JMIR Form Res. 2025 Jun 25;9:e74043. doi: 10.2196/74043.
ABSTRACT
BACKGROUND: Despite national asthma care guidelines, care gaps persist between best-practice and clinical practice, contributing to poor health outcomes. The Provider Asthma Assessment Form (PAAF) is an electronic asthma management and Knowledge Translation tool with an embedded decision support algorithm for severe and/or uncontrolled asthma, designed to support evidence-based asthma management.
OBJECTIVE: In this study, we aimed to document baseline asthma practice patterns and determine whether the broader intervention of PAAF integration into a primary care electronic medical record (EMR) improves evidence-based asthma diagnosis and management.
METHODS: We performed a single-center pre- and postobservational study at an academic Family Health Team in Kingston, Ontario, Canada.
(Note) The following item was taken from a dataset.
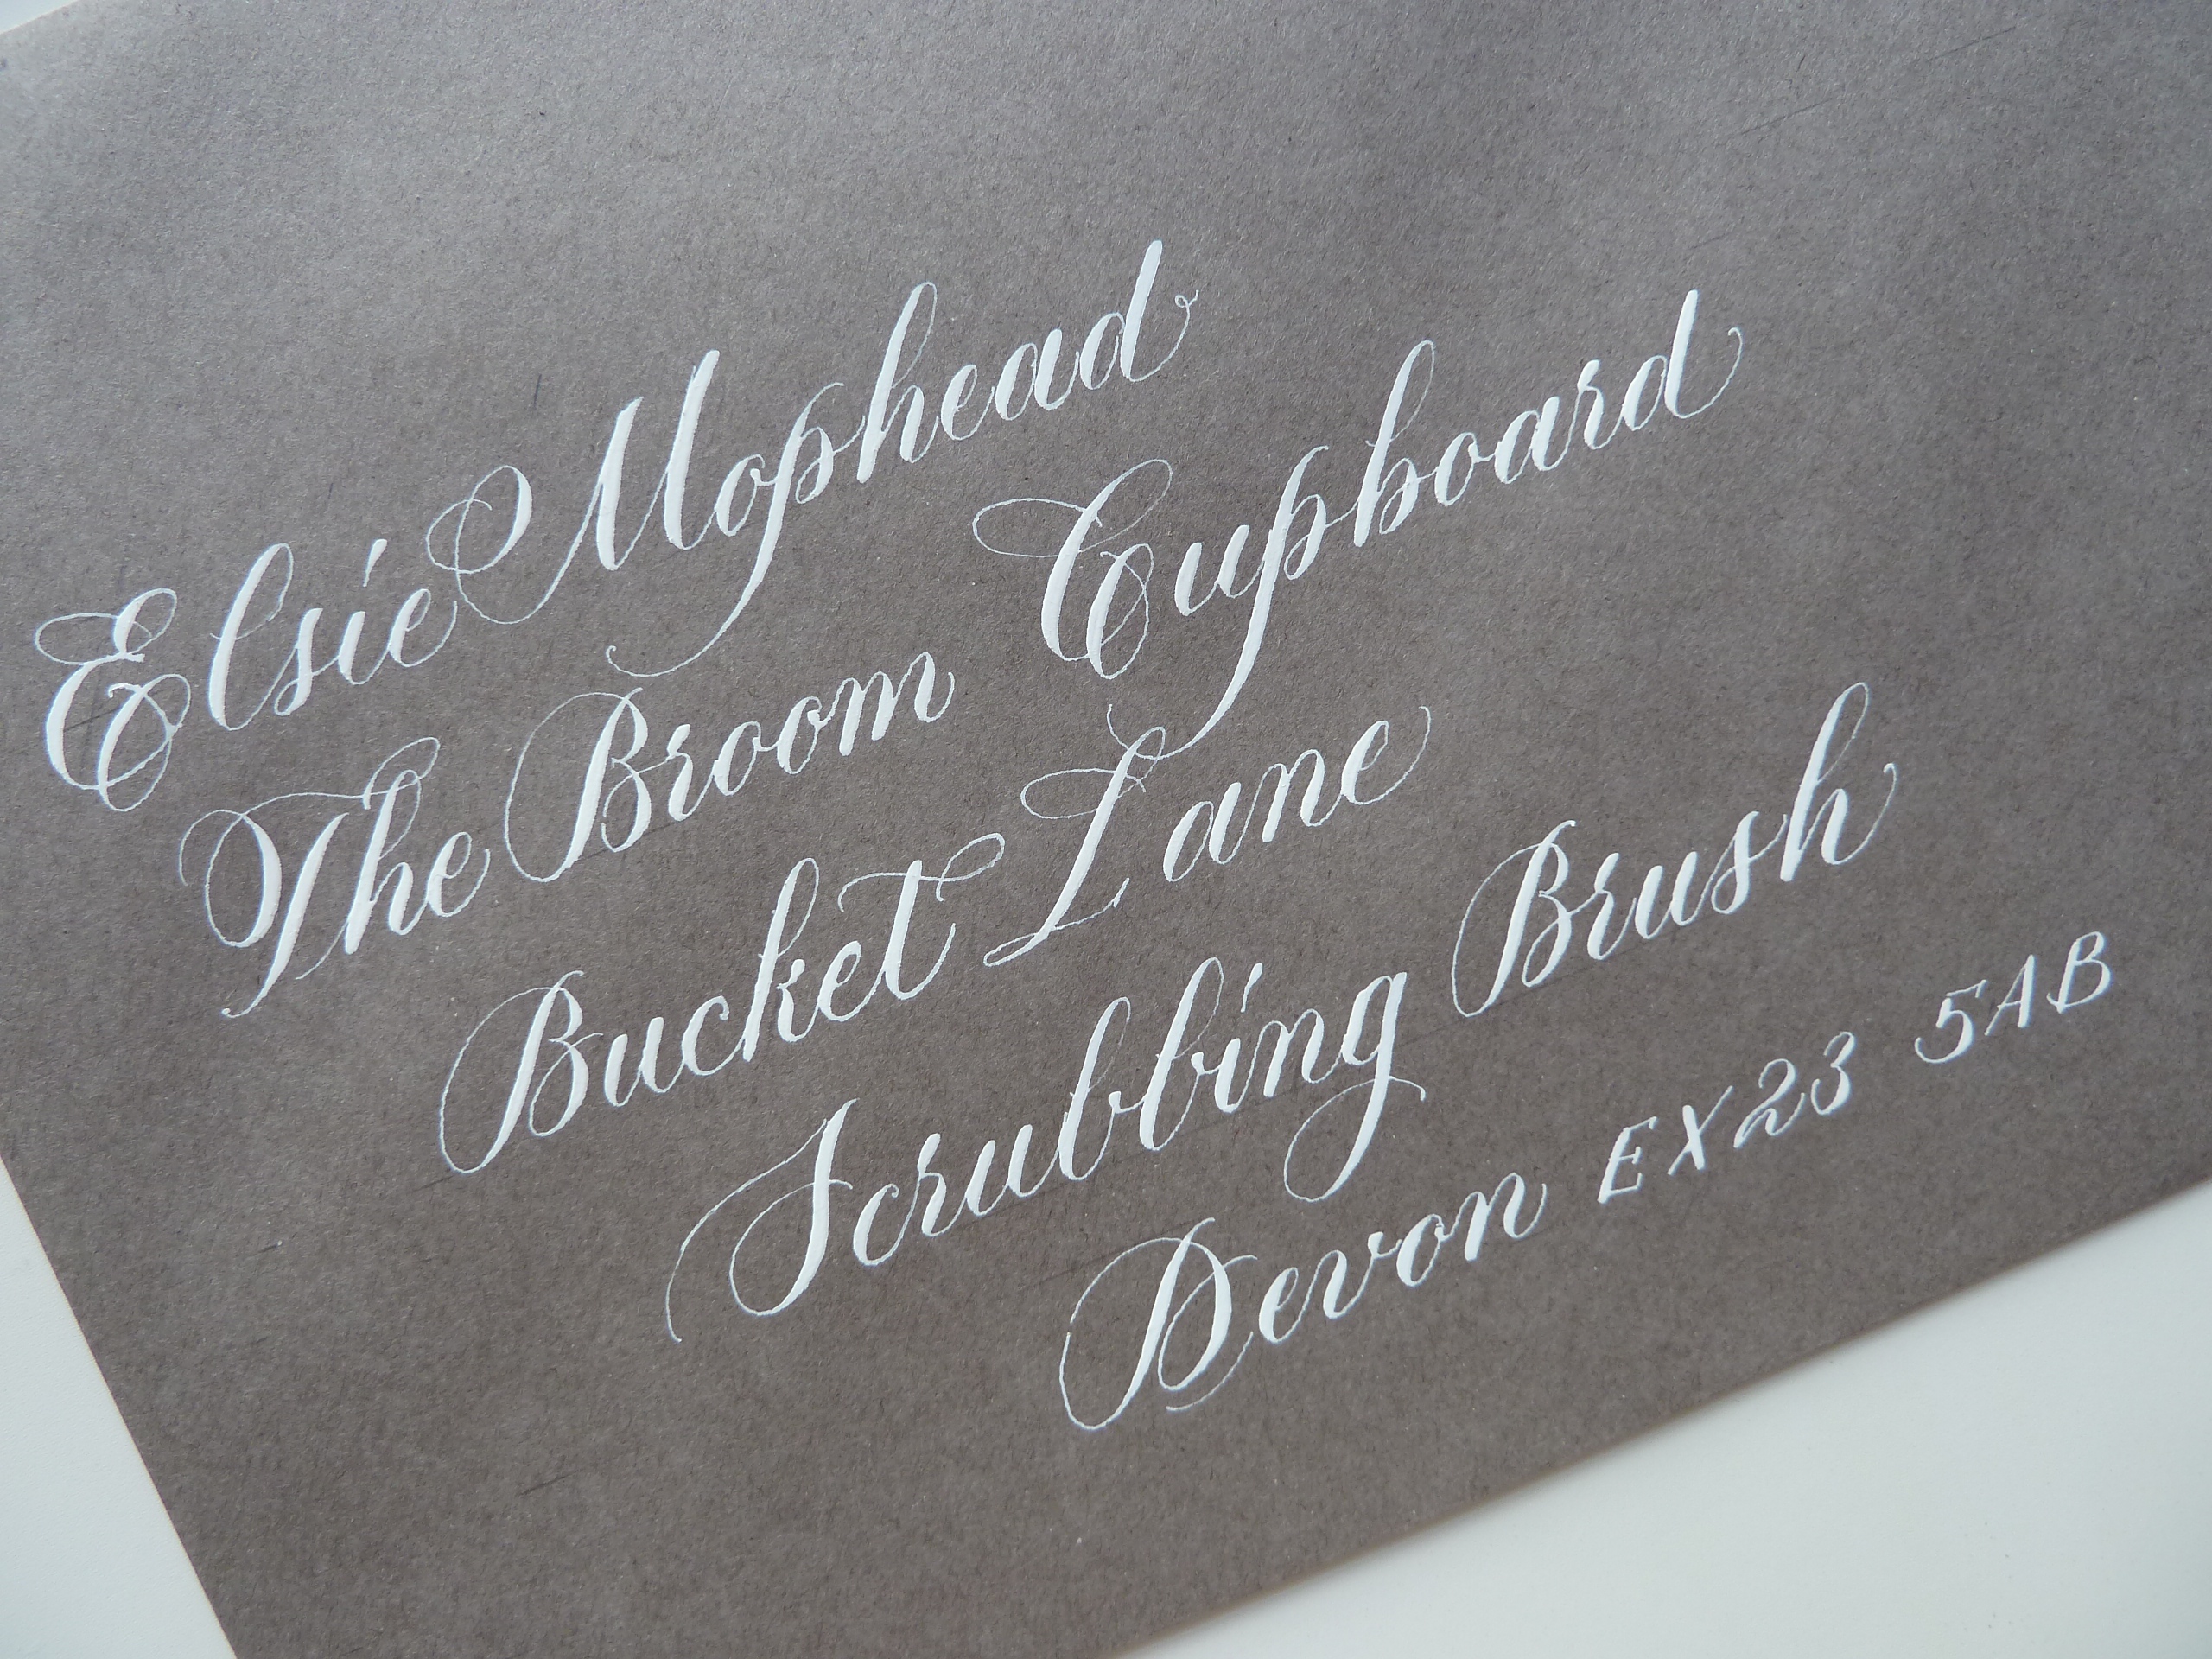 How to write calligraphy for invitations

Retrospective baseline data were collected for 2 years prior to PAAF implementation from January 2018 to December 2019. Prospective postintervention data were collected from October 2022 to July 2024. A validated adult asthma EMR case definition was applied to EMR data to identify suspected or objectively confirmed asthma cases for both datasets, on which detailed manual chart abstractions were performed. A data extraction was performed for completed PAAFs.
RESULTS: There were 230 patients in the retrospective baseline and 143 patients in the postimplementation cohort. Overall, 31.3% (n=72) of patients at baseline versus 23.8% (n=34) at postimplementation had confirmed asthma. There were significantly more pulmonary function tests requested after the implementation of the PAAF (postimplementation: n=70, 49%; baseline: n=71, 30.9%; P<.001). A significantly higher percent of postimplementation patients were on single inhaler controller and reliever therapy (postimplementation: n=31, 21.7%; baseline: n=2, 0.9%; P<.001), inhaled corticosteroid/long-acting β-2 agonist therapy (postimplementation: n=36, 25.2%; baseline: n=34, 14.8%; P=.01), and inhaled corticosteroid if their asthma was uncontrolled (postimplementation: n=69, 62.2%; baseline: n=100, 43.5%; P=.002). Barriers were significantly more commonly addressed after implementation (postimplementation: n=24, 16.8%; baseline: n=11, 4.8%; P<.001). A significantly higher average number of asthma control parameters was documented when the PAAF was used (PAAF: mean 5.4, SD 1.9; manual chart abstraction: mean 2.3, SD 1.2; P<.001). Care as assessed by key Primary Care-Asthma Performance Indicators showed improvement in the postimplementation cohort, which did not reach statistical significance.
CONCLUSIONS: The multifaceted intervention of implementing the PAAF in this primary care practice was associated with improved documentation of diagnosis status and asthma control parameters and improved adherence with evidence-based recommendations for care, such as the use of pulmonary function tests and addressing barriers to effective asthma management. However, uptake was low, and key asthma care gaps were still common. Future directions should involve evaluating the impact of the PAAF on care and outcomes after widespread implementation in primary care settings and investigating methods to increase user uptake of the PAAF.